Yet ask her, and she’ll tell you that she’s been arrested “three or four times” in Fair Haven. She began cooking and selling crack in the early 1990s, when she was bored and unemployed. Her friends would come to her apartment after work, begging her to supply them. “Idle hands are the devil’s workshop,” she intones. She sighs, accentuating the wrinkles on her weathered face.

The last time Downing was arrested, in 1998, the police officer said to her, “Mrs. Downing, could you please find something else to do?” That’s when she realized she’d had enough. “They never found any guns on me or anything. I didn’t open my house for that,” she says. “I just wanted company. But it just wasn’t worth it anymore.”

The secret to her clean public record? She was pardoned.

In 2008, Connecticut removed Downing’s criminal conviction records from public view. A previously convicted felon may apply for a Connecticut state-issued pardon five years after committing a felony or three years after a misdemeanor.

Downing spent the five years after her conviction getting clean, working at Krispy Kreme and Olive Garden, and volunteering at Mothers for Justice, an advocacy group for low-income women. From her sobriety, employment, and community service work, she built a pardon application that stressed how the woman she had become was different from the one who once illegally sold drugs and alcohol.

To hear Downing tell it, the pardon she received saved her life. “It means a wonder to have a pardon, it means I can start my life over with a clean slate,” she tells me over pizza. “My son, my daughter, my four grandkids, they’re all so proud of me” It’s been easier to get jobs, too, since employers no longer reject her after completing a background check.

It’s been thirteen years since Downing stopped selling crack. She now works as a crossing guard in New Haven, and sells homemade pies on the side. In some ways, she says her pie-baking business fills the void left when she stopped selling drugs. She often sells pies to her friends when they stop by her house.

Downing seems to be proof that people really can change, and that makes me feel good. But then I ask her if having a pardon means she’ll never return to her criminal ways.

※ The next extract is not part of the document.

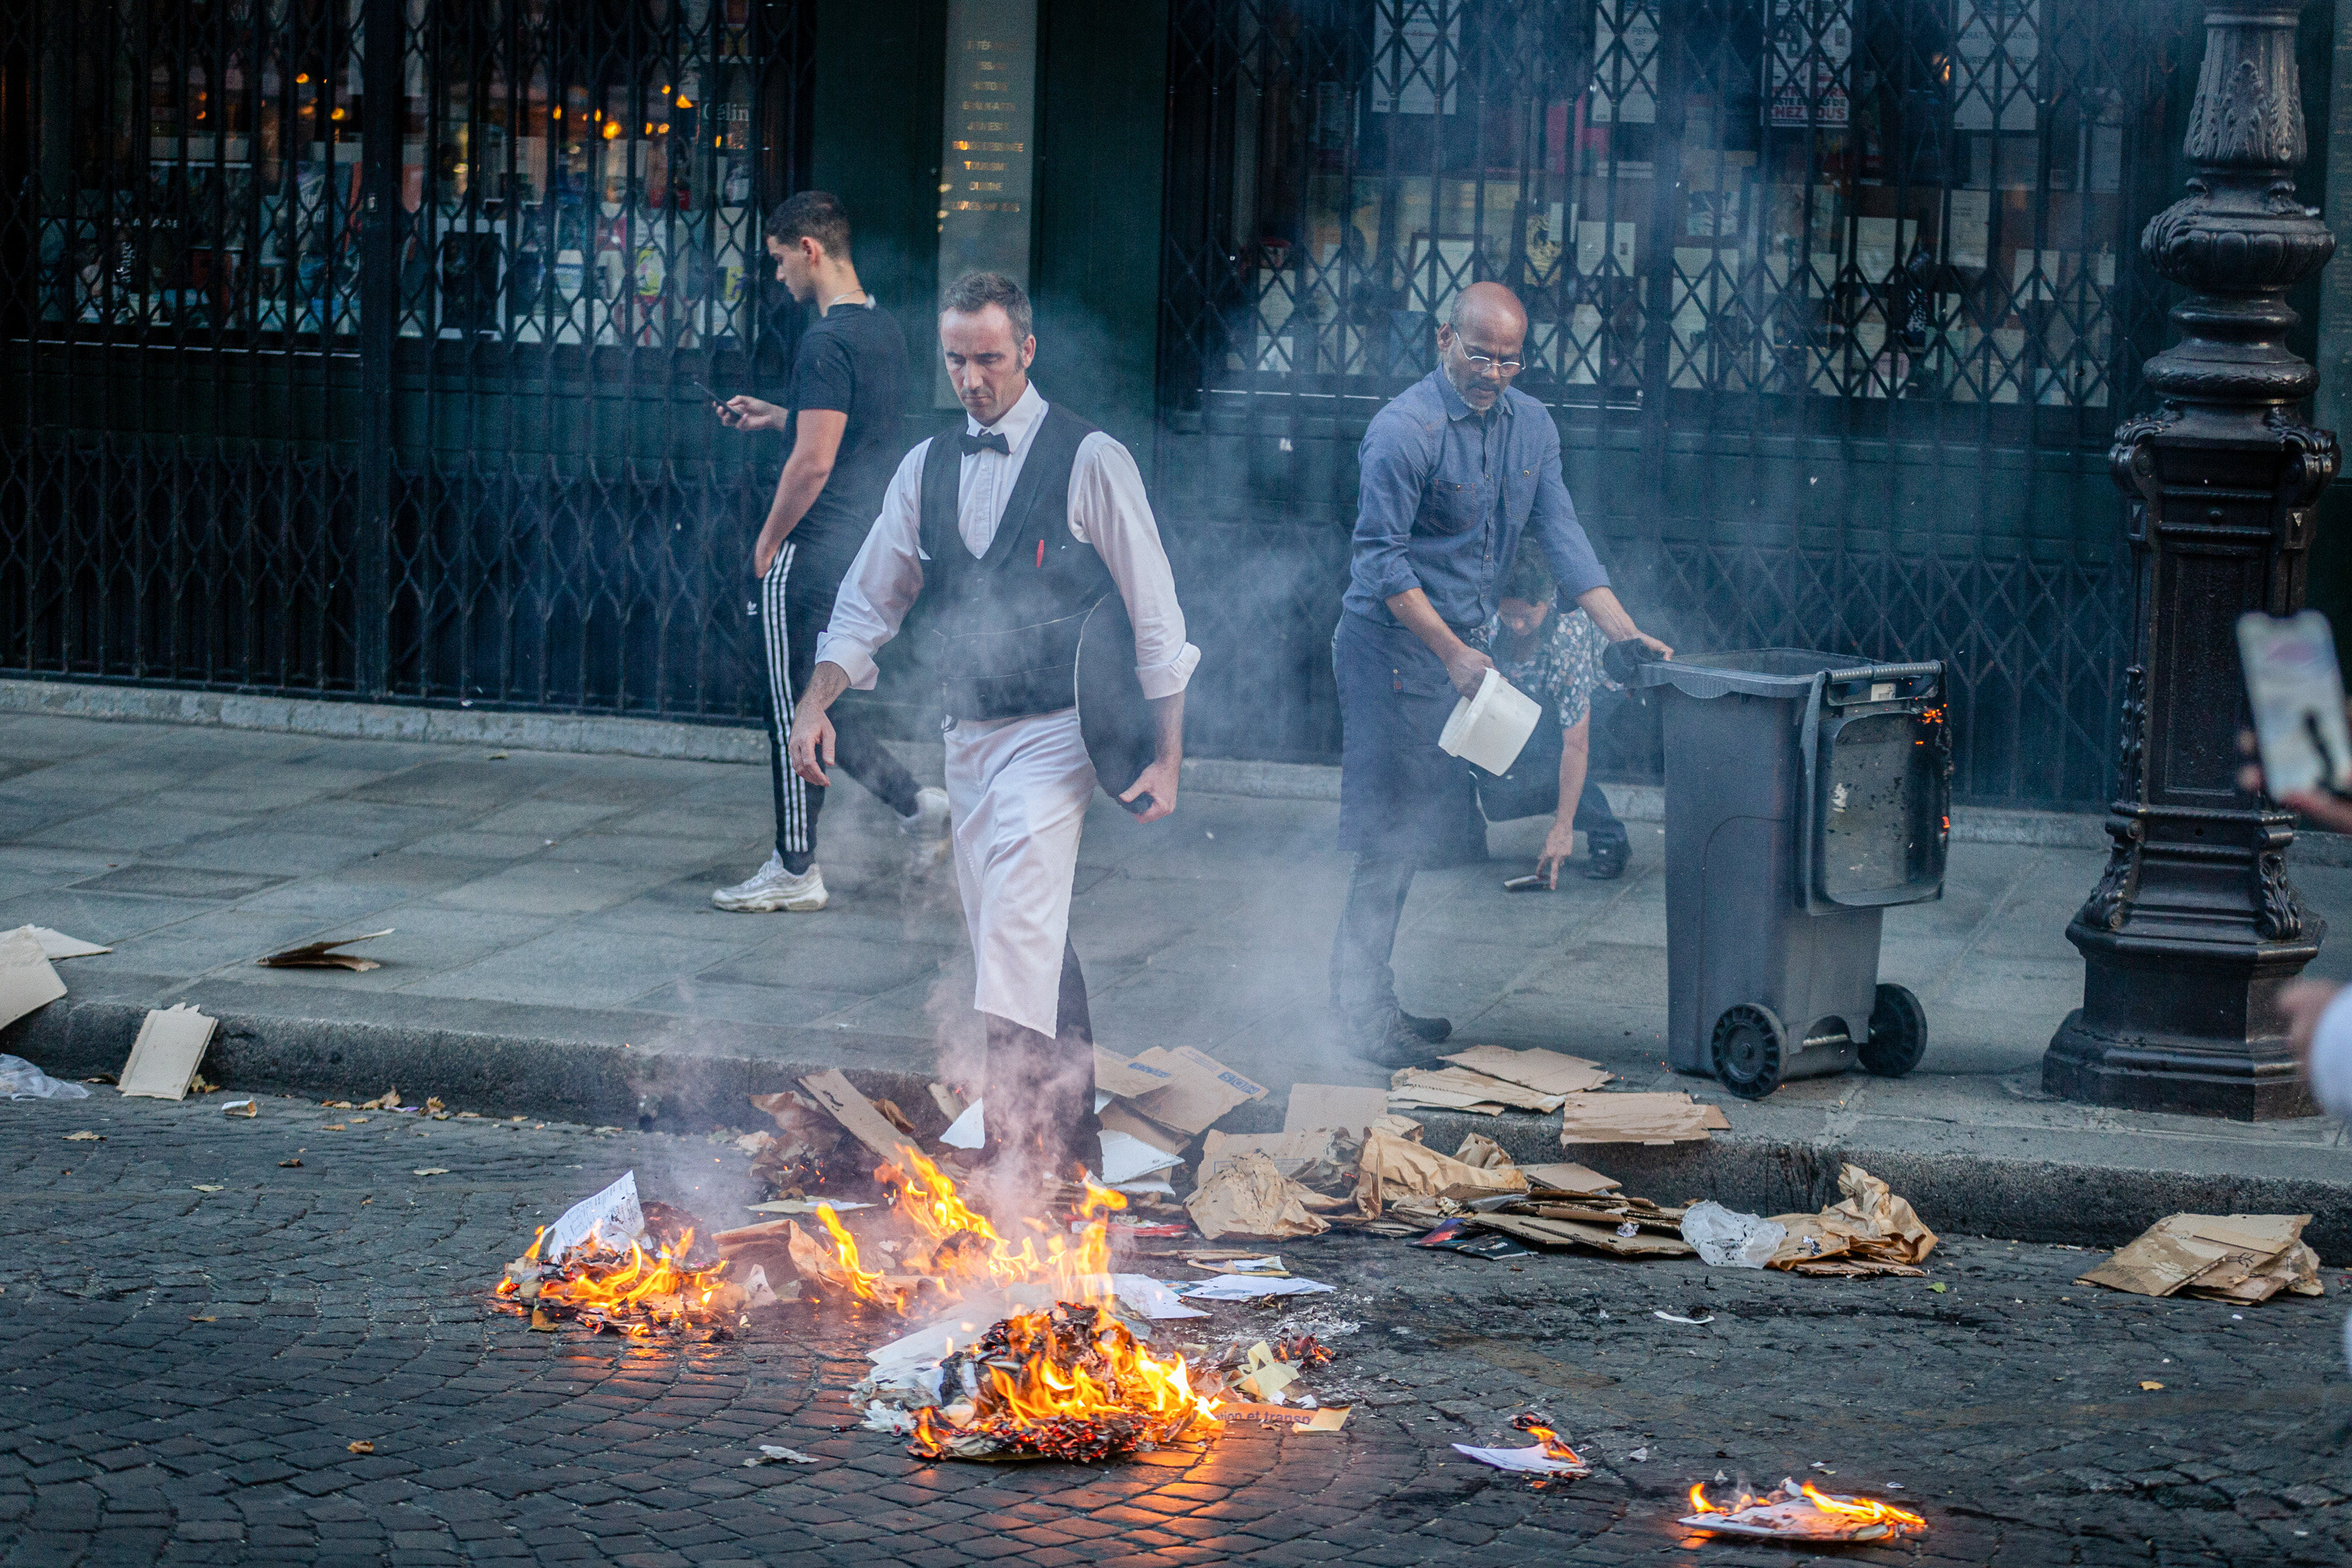 Restaurant employees put out a fire started by demonstrators on June 30 in Paris during a protest following the police shooting of a 17-year-old. Photo: dpa

“I’m trying to stay away from that for sure. These days I do my baking, I belong to a church, I’m trying to straighten my life out,” she says. Then, she adds a surprising concession: “You know, sometimes I am tempted to go back into selling drugs. Hopefully I won’t, but hey, we all have our personal hang-ups.”

“What’s the sense in getting a pardon if you’ll go back on your word?” she adds, and I’m quick to agree. But perhaps the ease with which a pardon permits a felon to deceive explains why, despite how nice Downing seems, much of society may be uneasy with the notion of legal pardons. Criminal records serve a purpose: they provide warning signs to society to watch for recidivists. Some convicts who apply for pardons have physically assaulted people, and some have killed. Last year, the state of Connecticut pardoned four hundred three formerly convicted felons; that’s four hundred three people who can legally say they never committed the crime for which they once were found guilty.

Tirzah Kemp, who helps people like Downing apply for pardons, has three appointments scheduled before her lunch break. One is with a man who holds a double homicide conviction, and two are with men who were arrested for possession of a firearm. It’s the beginning of a typical Thursday morning.

Tirzah, known to her friends as “Tee,” works in a small office tucked away on the second floor of New Haven’s City Hall. There, she works for the city’s Prison Reentry Initiative, a program launched in 2008 to offer resources and advice to formerly incarcerated residents — “everything from where to buy bus passes to how to draft a resume,” Kemp likes to say. Kemp’s work puts her in a good position to help ease societal concerns about pardons.

Kemp is the typical social worker: friendly, motherly, efficient. She takes care to ask clients if they’ve spoken to their parents, if they have enough food stamps, whether or not they’re happy.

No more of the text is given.